Related Work & Insights¶
vs AerialVLN (ICCV 2023)¶
AerialVLN was the first aerial VLN dataset (8.4k trajectories) but used a single engine and manual annotation. OpenFly exceeds it in diversity (4 vs 1 engines), scale (100k vs 8.4k), and automation. NE improved by 33%.
vs OpenUAV (2024)¶
OpenUAV used AirSim+UE for 12k trajectories with RLHF. It remained restricted by manual diversity bottlenecks.
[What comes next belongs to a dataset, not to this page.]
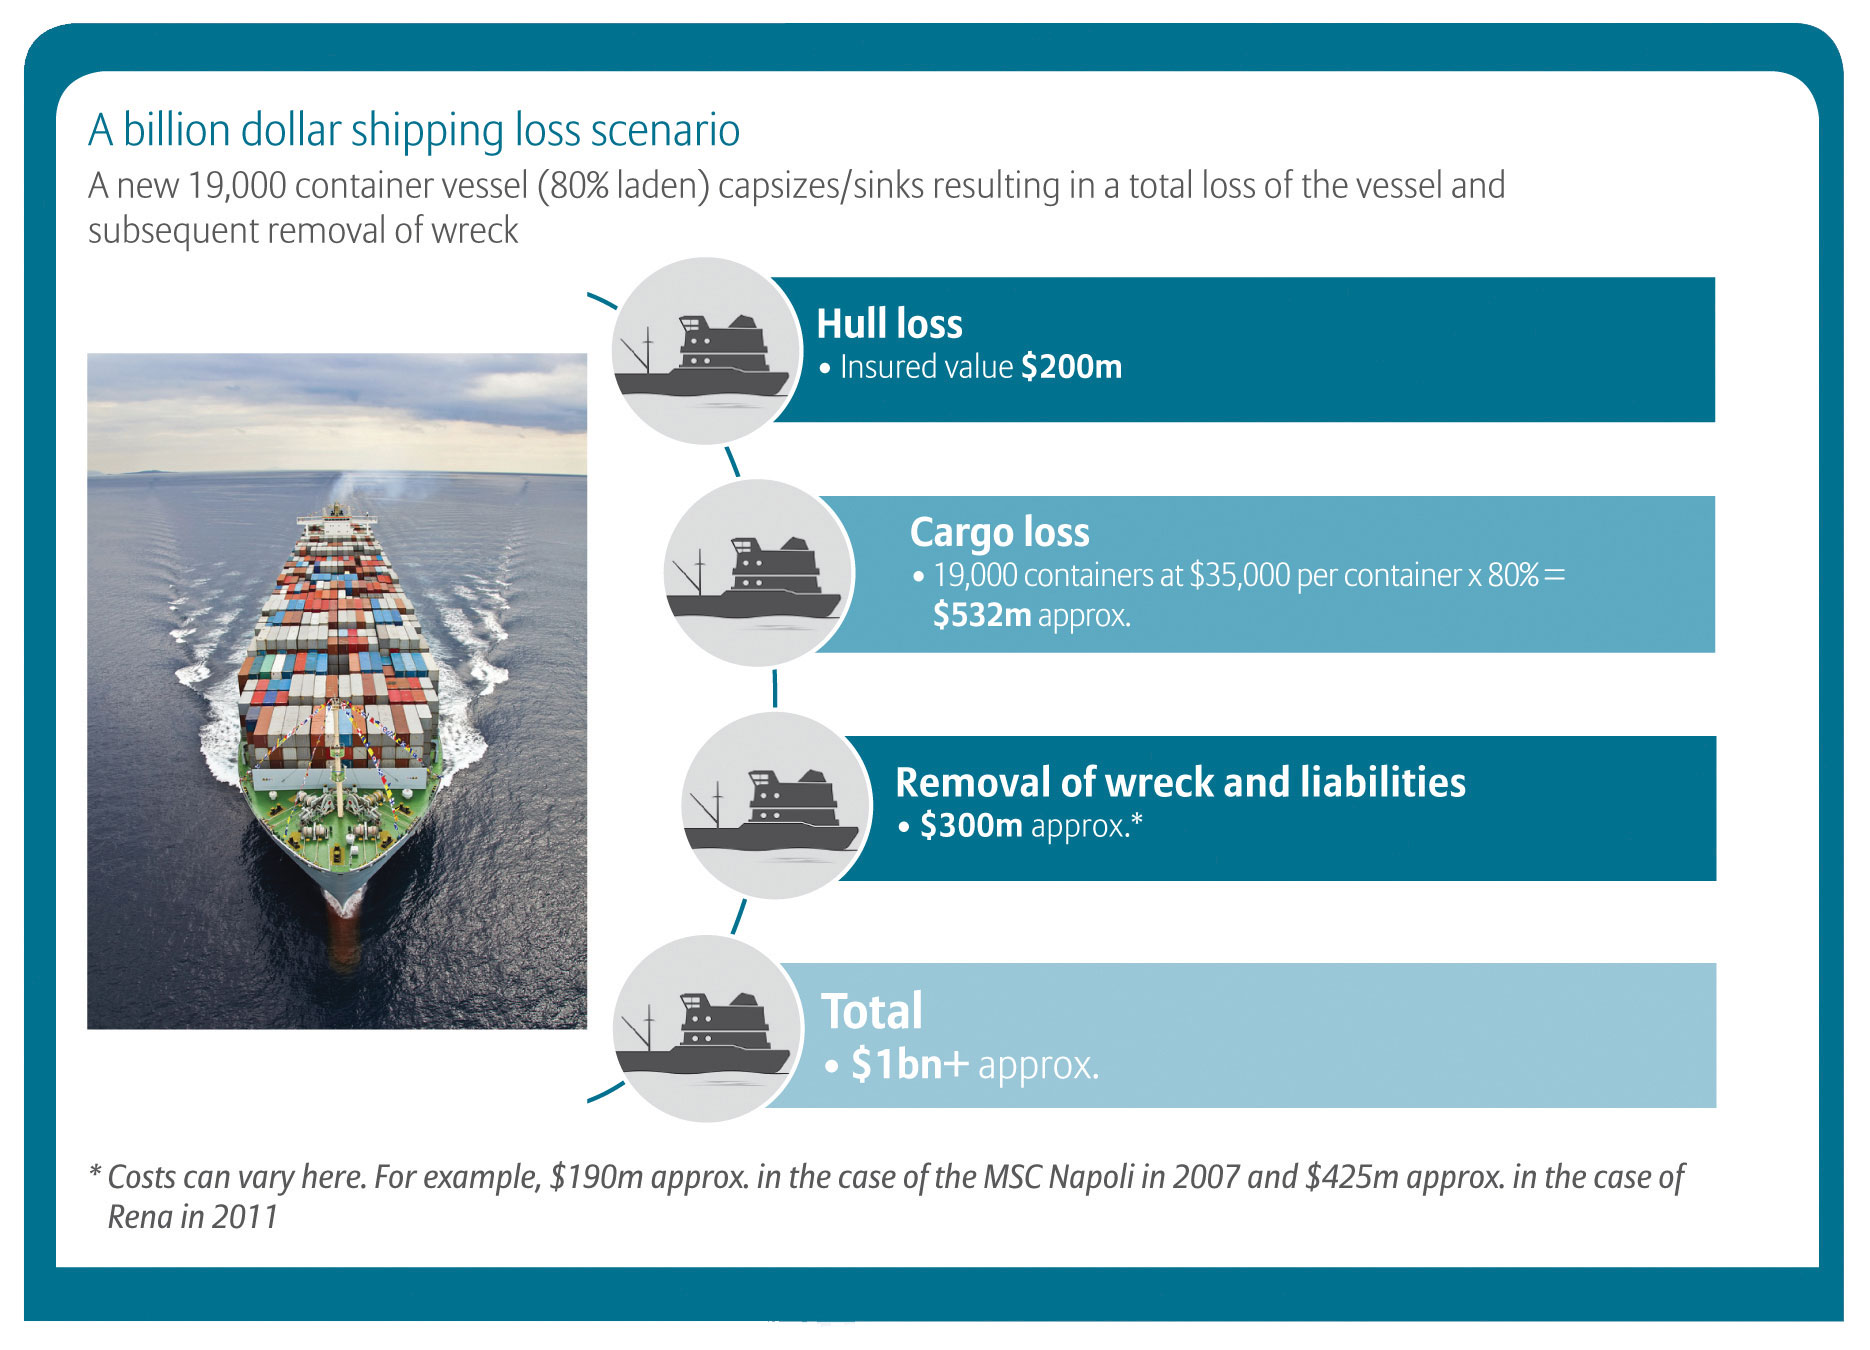 Mega ships: A billion dollar shipping loss scenario
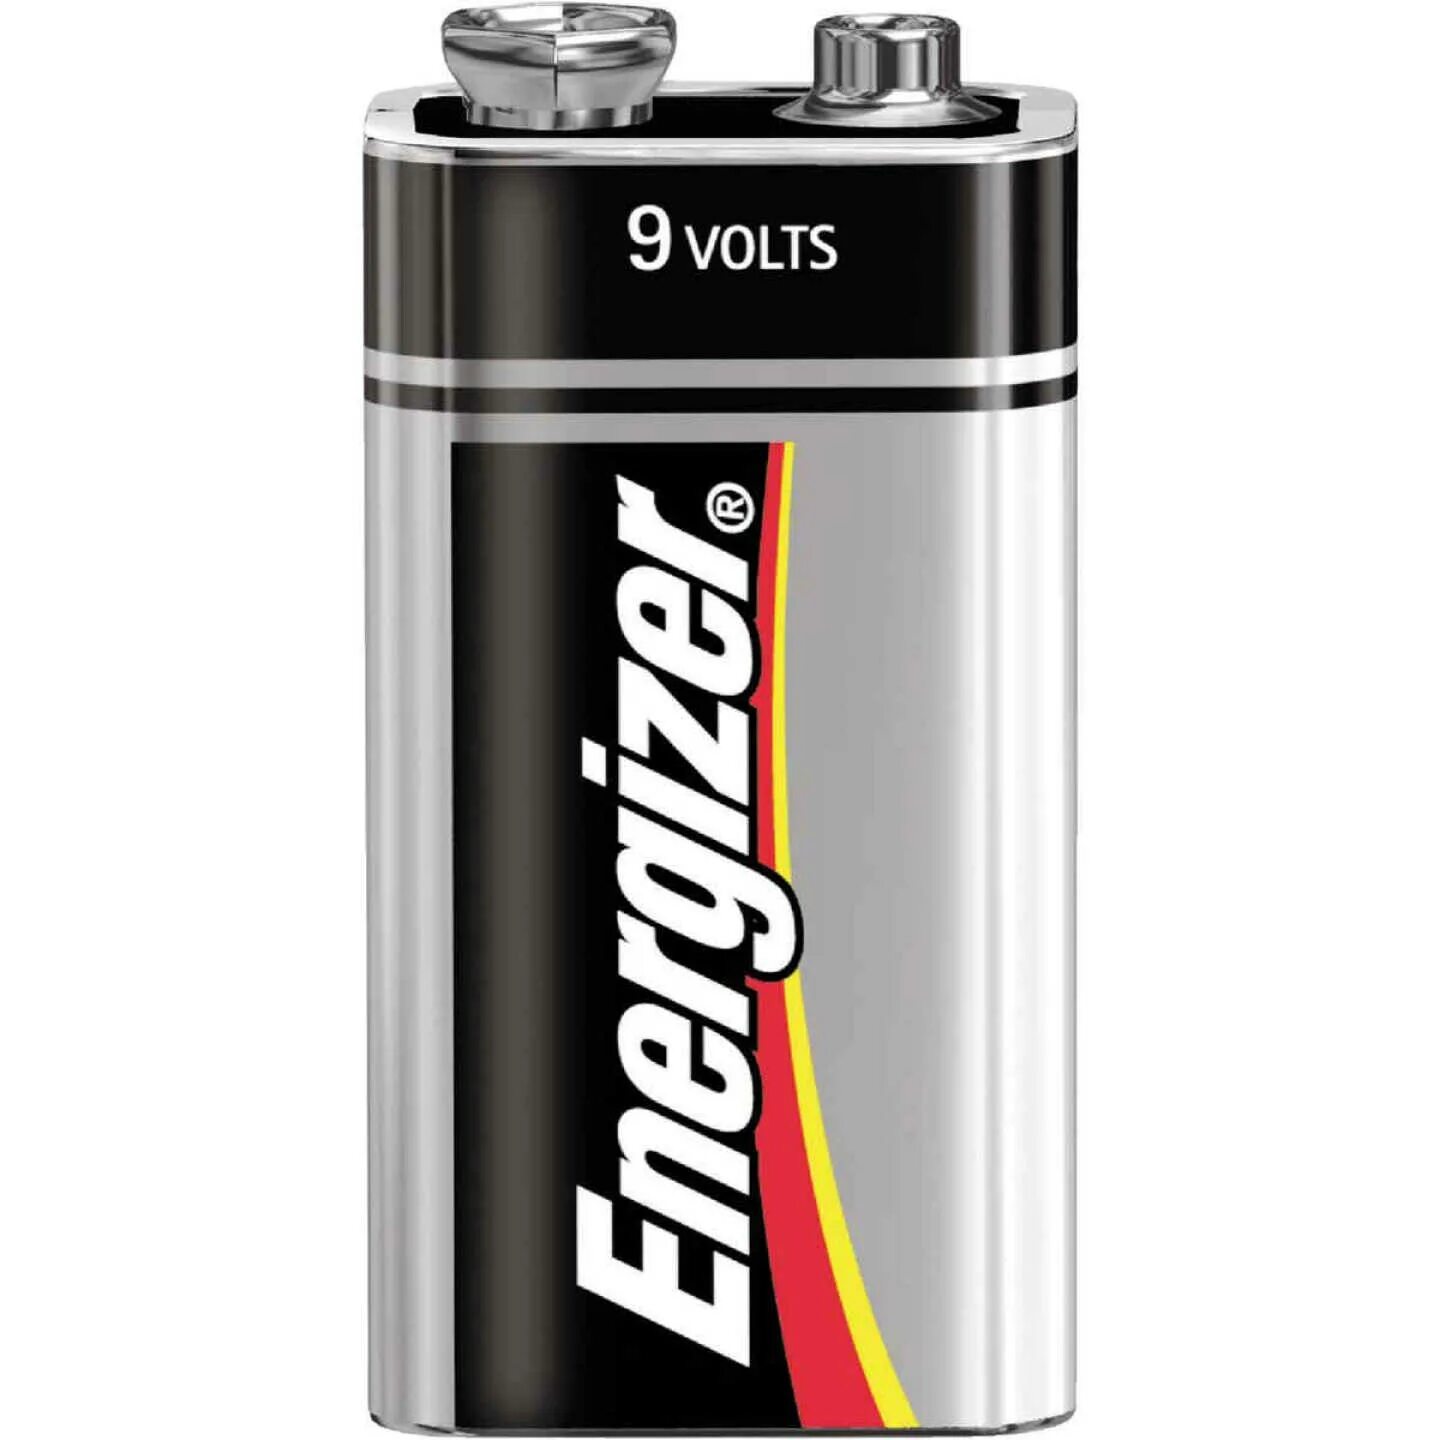 Battery 9. Батарейка 9v Energizer 522 6lr61. Батарейка Energizer 9v крона. Energizer батарейки 9v. Батарейка 6lr61 крона Energizer алкалиновые.

OpenFly implements a fully automatic pipeline and introduces real-to-sim capabilities via 3DGS.
vs CityNav (2024)¶
CityNav relies on pre-existing 2D maps for landmark localization. OpenFly requires no external maps, navigating end-to-end from a first-person perspective, closer to the reality of UAV applications.
Rating¶
- Novelty: ⭐⭐⭐⭐ System-level innovation (pipeline + platform); algorithmic innovation is moderate.
- Experimental Thoroughness: ⭐⭐⭐⭐⭐ Comprehensive comparisons, ablations, and real-world UAV deployment.
- Writing Quality: ⭐⭐⭐⭐ Clear system descriptions and rich visualizations.
- Value: ⭐⭐⭐⭐⭐ Infrastructure-level contribution with toolchain, dataset, and benchmark integrated.